Encaram os conflitos mundiais, na análise de John Gray, como prenúncio do
Armagedon, batalha final entre a luz e as trevas. Outros esperam ser poupados
dessas provações, num êxtase em que serão conduzidos aos céus. Em ambos os
casos, o mundo imperfeito vivido pela humanidade chegará ao fim.
O verniz religioso das aventuras geopolíticas americanas
continua presente. Só que está ficando mais audacioso e ligeiramente ridículo.
Em primeiro lugar estão as críticas ao Papa. O vice-presidente J.D. Vance disse
que o Papa deveria tomar muito cuidado ao falar de teologia. Como assim? O Papa
graduou-se em teologia aos 27 anos.
Na mesma semana em que fazem críticas ao Papa, querem se
mostrar religiosos. O secretário de Defesa pensou ler um trecho bíblico do
Livro de Ezequiel, mas, na verdade, lia um texto de Quentin Tarantino, escrito
para o filme “Pulp fiction” e declamado pelo ator Samuel L. Jackson.
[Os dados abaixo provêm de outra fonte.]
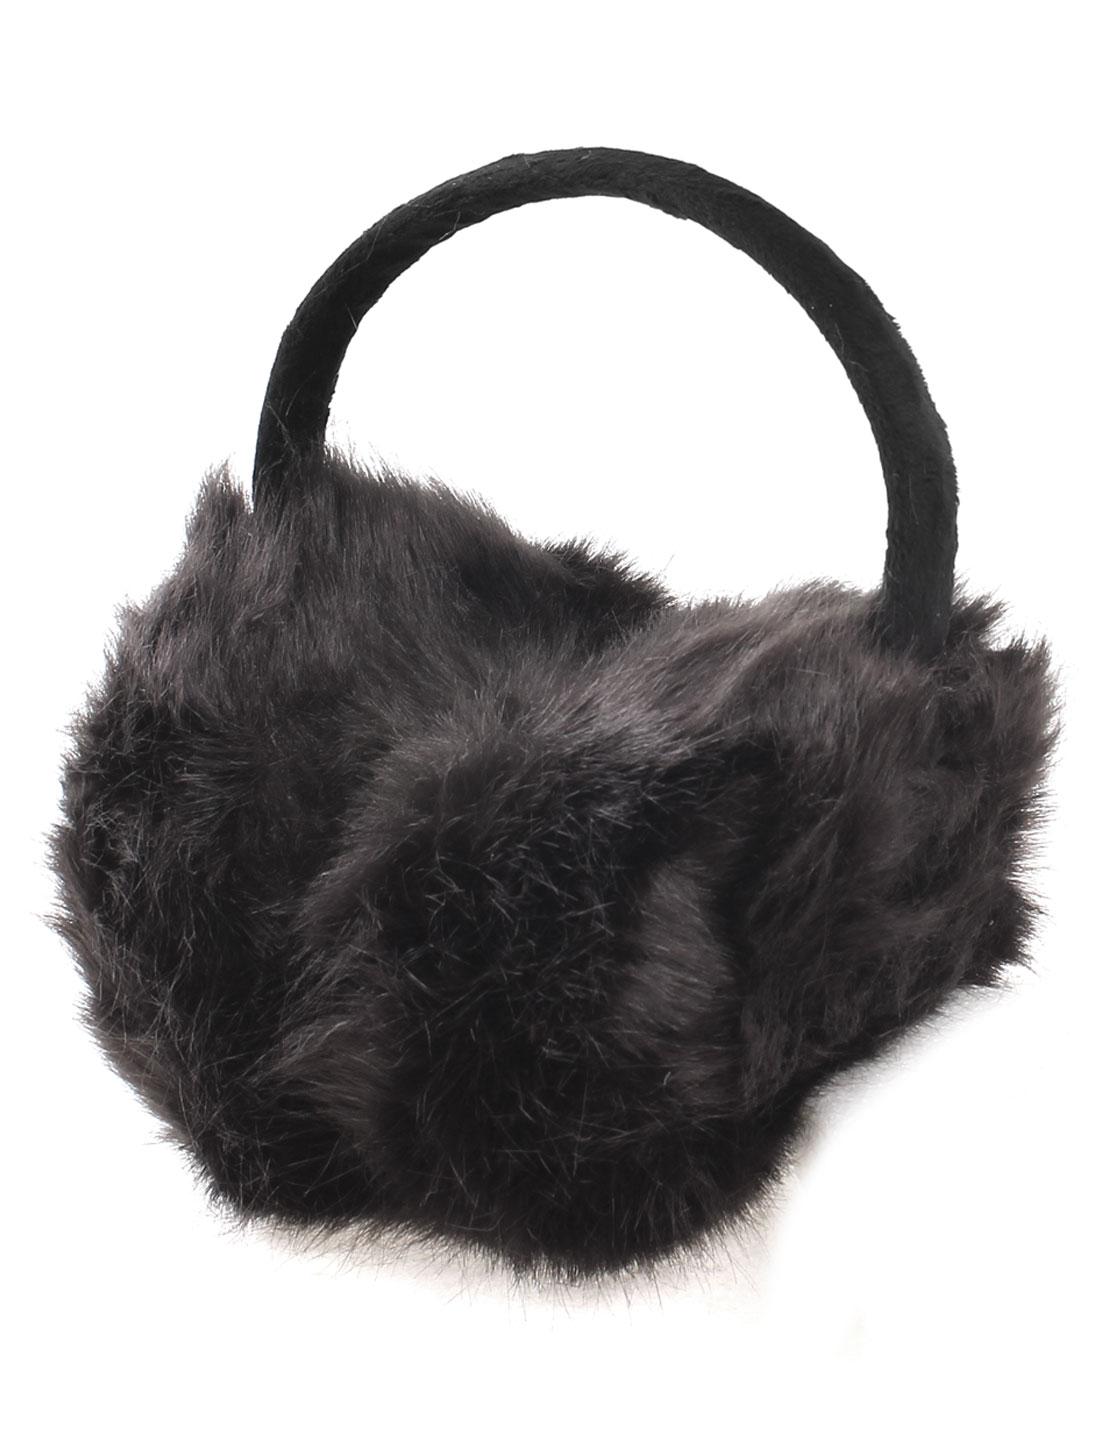 Outdoor Plush Warmer Headband Ear Muffs Earmuffs Chocolate Color for Girl

O tom religioso continua presente, com Trump fazendo
leituras públicas da Bíblia. Tudo mostra que a velha aspiração de Bush continua
de pé: nossa responsabilidade perante a História é livrar o mundo do Mal.
Embora não seja estudioso de teologia, observo que, desde
Agostinho — precisamente o inspirador da ordem do Papa Leão XIV —, a corrente
central do pensamento cristão rejeita a tentação do absolutismo moral na
política. Para ela, o reino dos céus não é deste mundo; nenhuma instituição
humana pode arvorar-se em encarnação do Bem.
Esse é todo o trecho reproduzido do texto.